### Task goal:
Could you transcribe every entry below exactly, leaving out the pictures?

Records supplied Start Marker

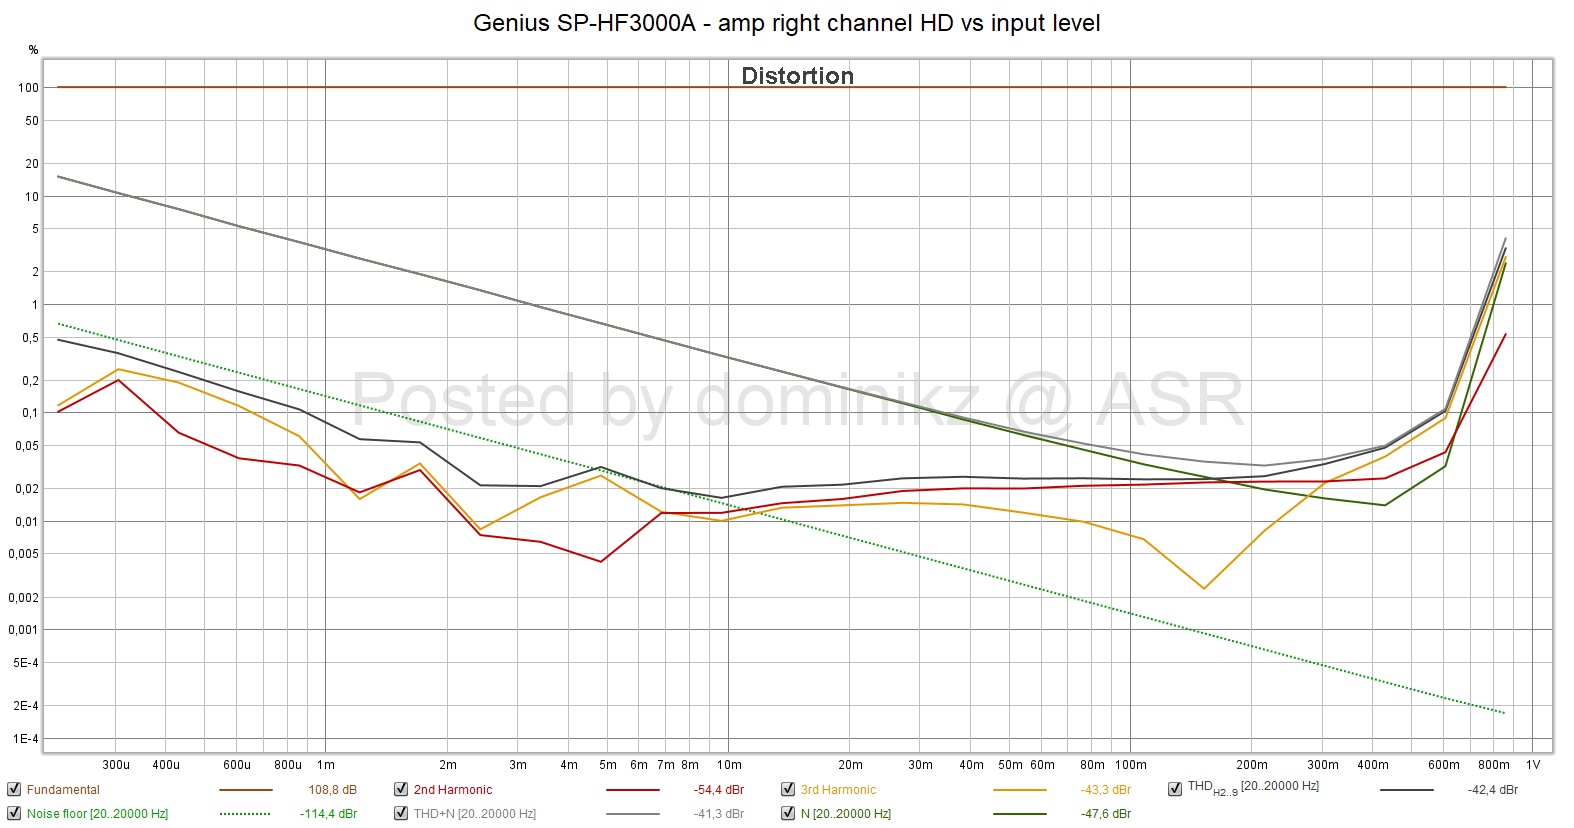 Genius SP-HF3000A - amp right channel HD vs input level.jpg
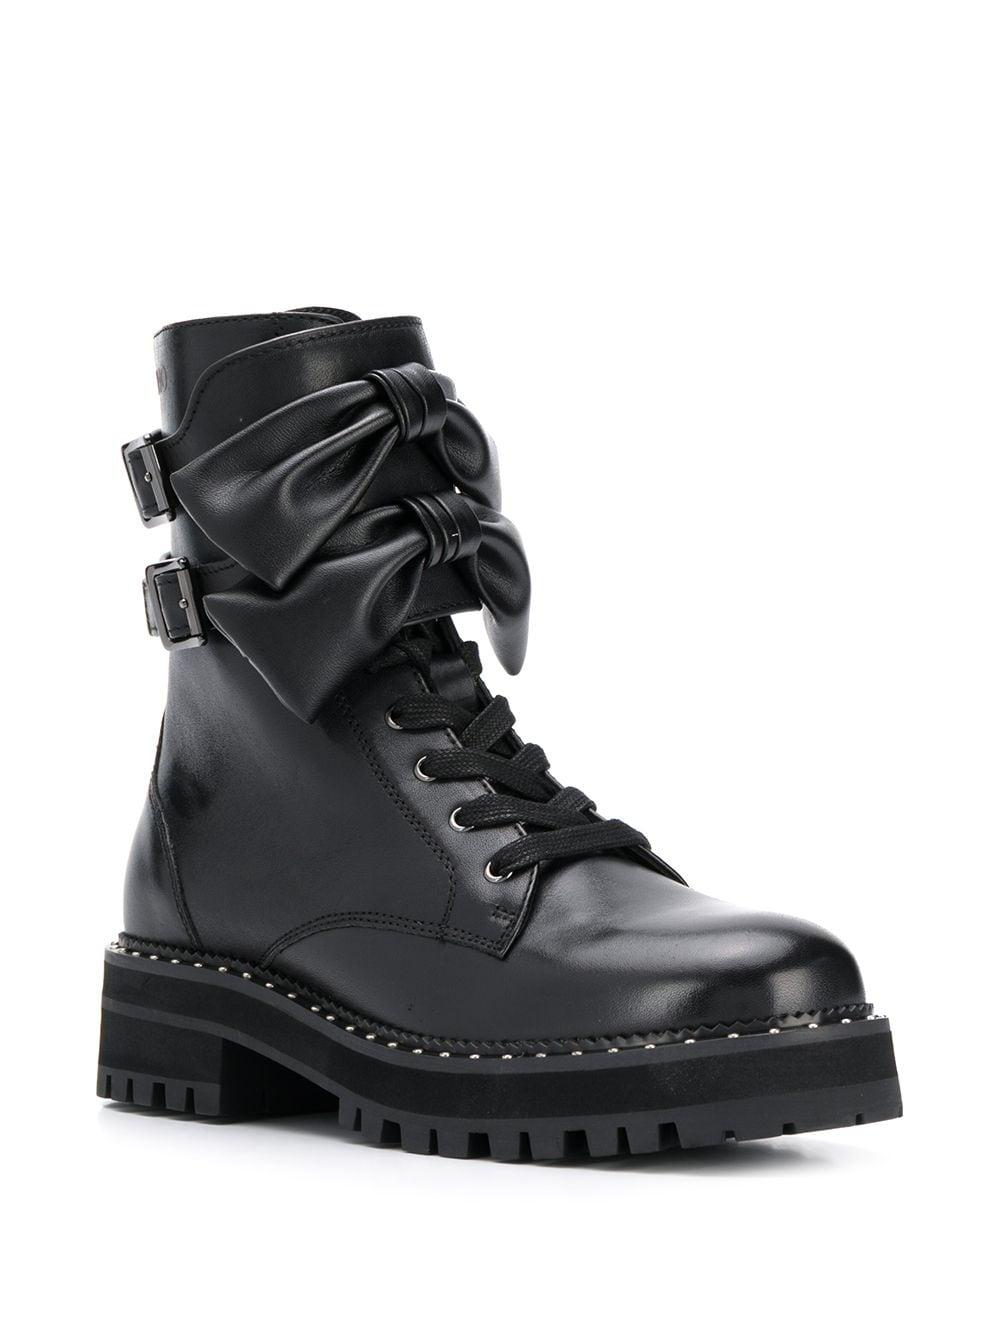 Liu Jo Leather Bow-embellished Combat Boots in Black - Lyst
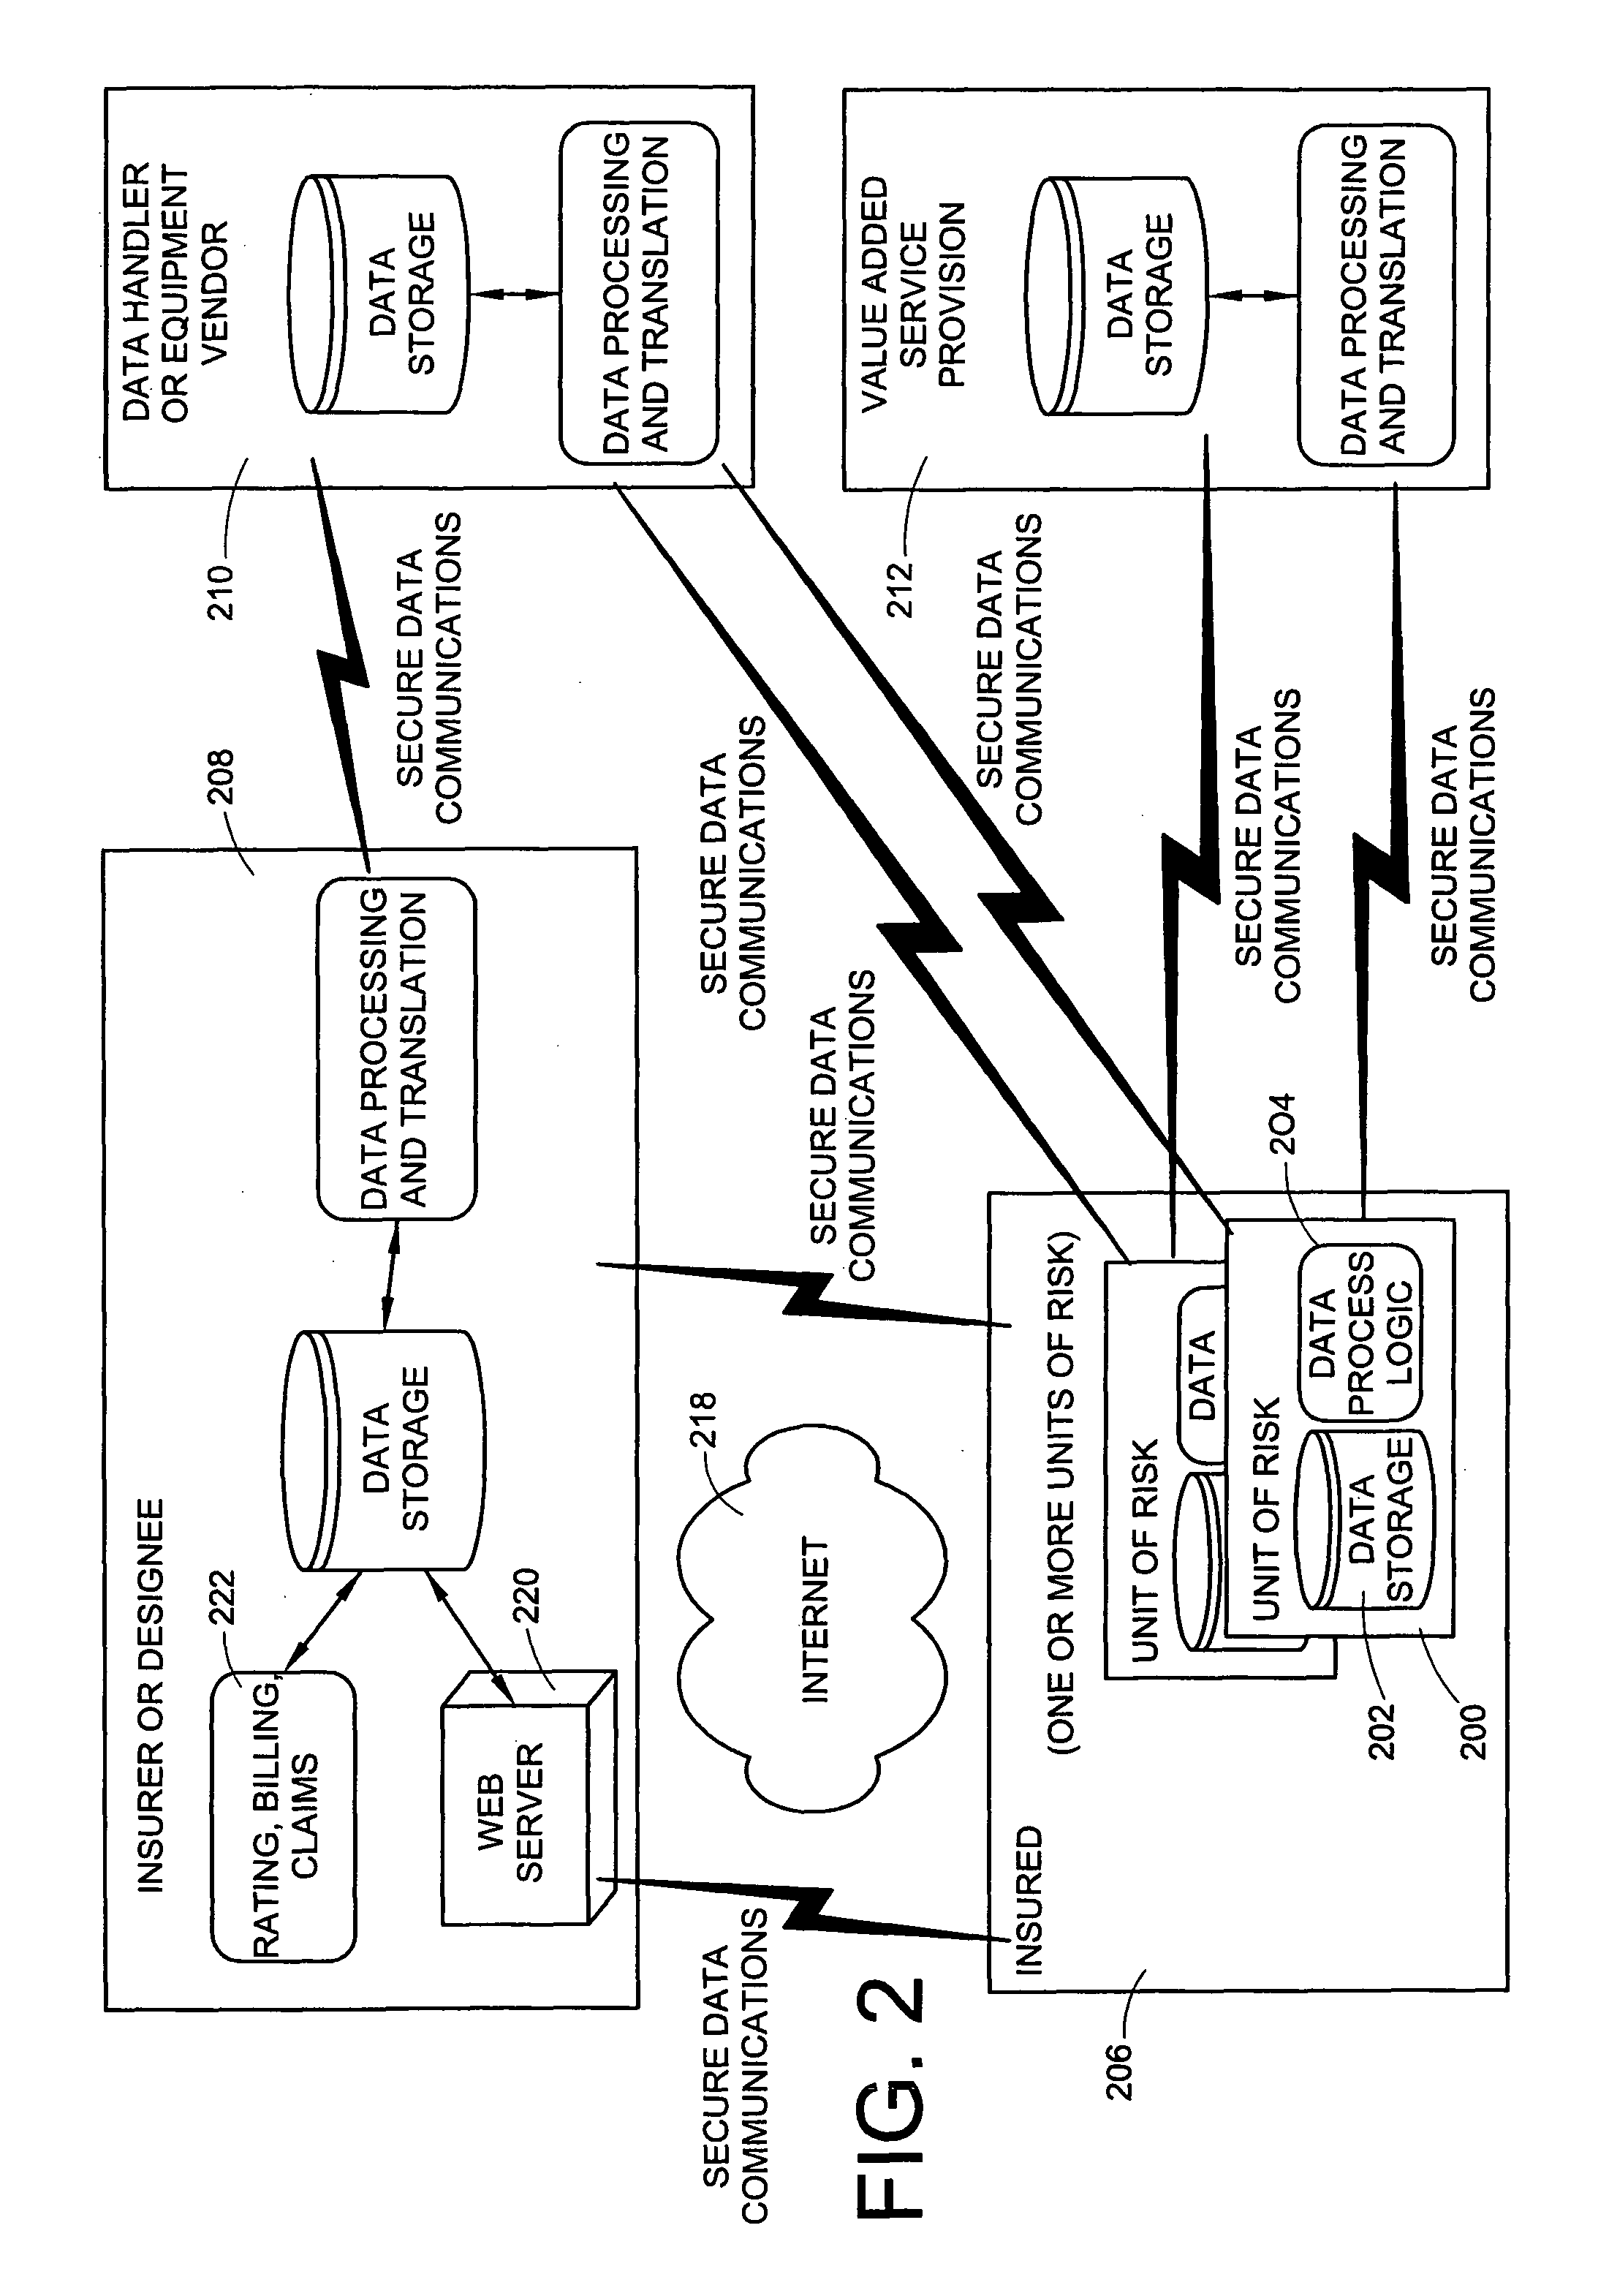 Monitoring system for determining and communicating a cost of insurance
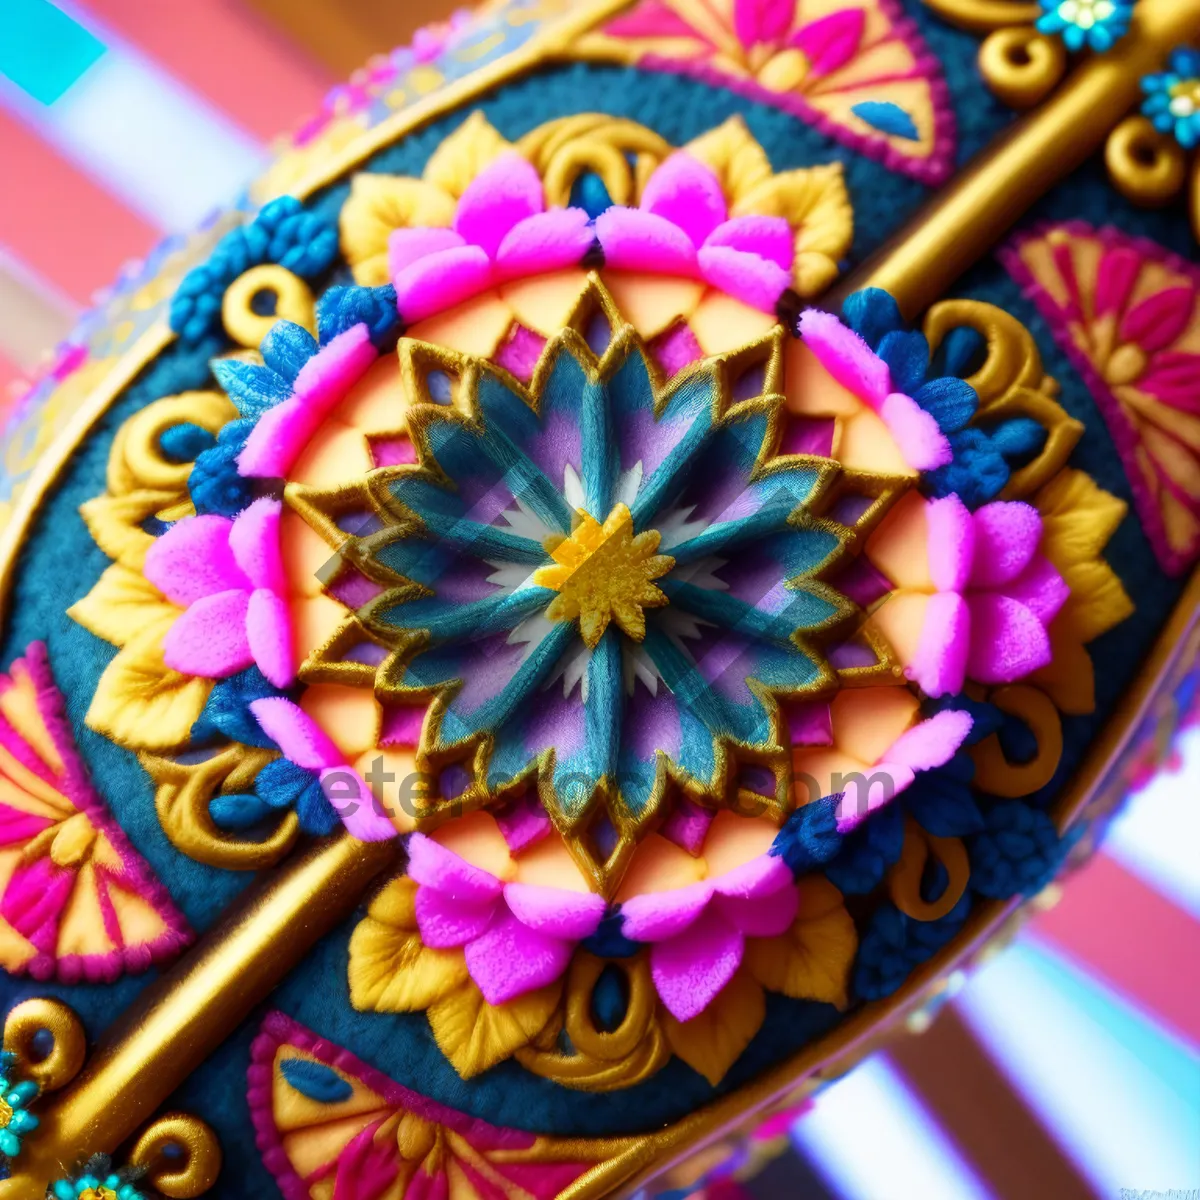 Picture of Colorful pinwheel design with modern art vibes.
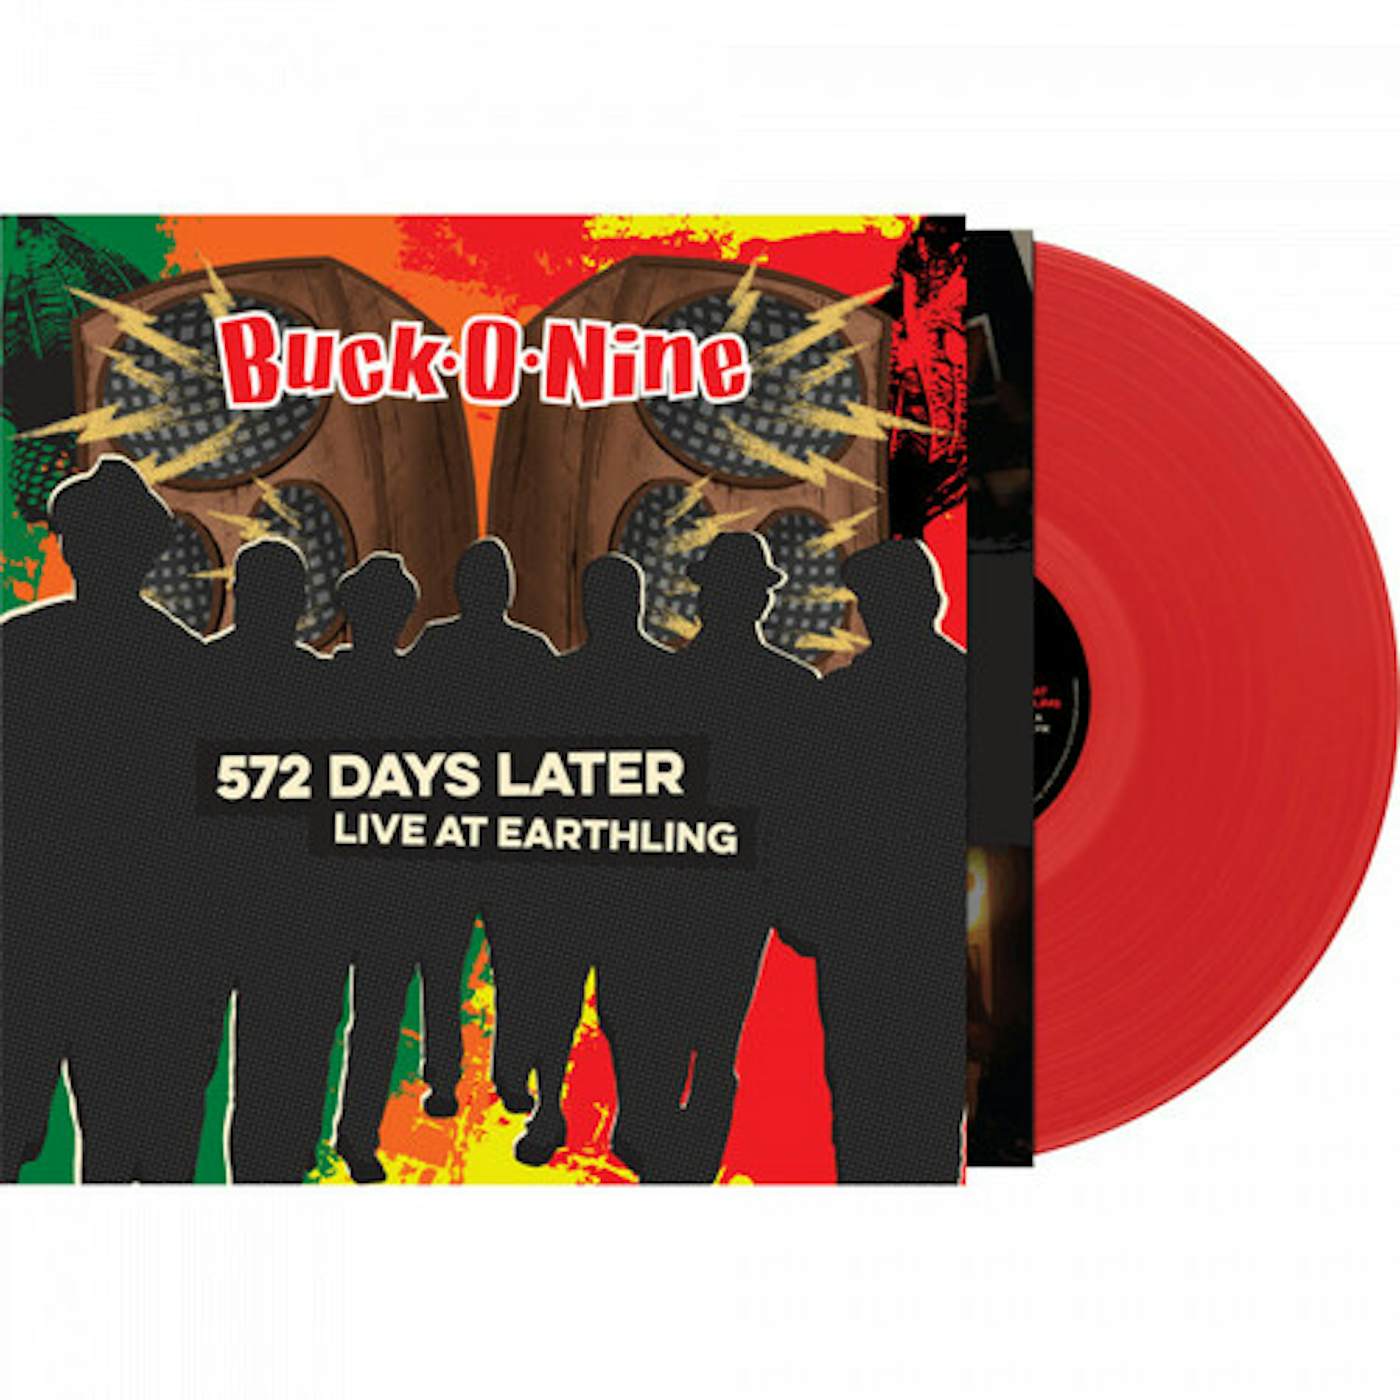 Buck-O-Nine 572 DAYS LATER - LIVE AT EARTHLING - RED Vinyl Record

Records supplied End Marker

### Exercise response:
 Genius SP-HF3000A - amp right channel HD vs input level.jpg
 Liu Jo Leather Bow-embellished Combat Boots in Black - Lyst
 Monitoring system for determining and communicating a cost of insurance
 Picture of Colorful pinwheel design with modern art vibes.
 Buck-O-Nine 572 DAYS LATER - LIVE AT EARTHLING - RED Vinyl Record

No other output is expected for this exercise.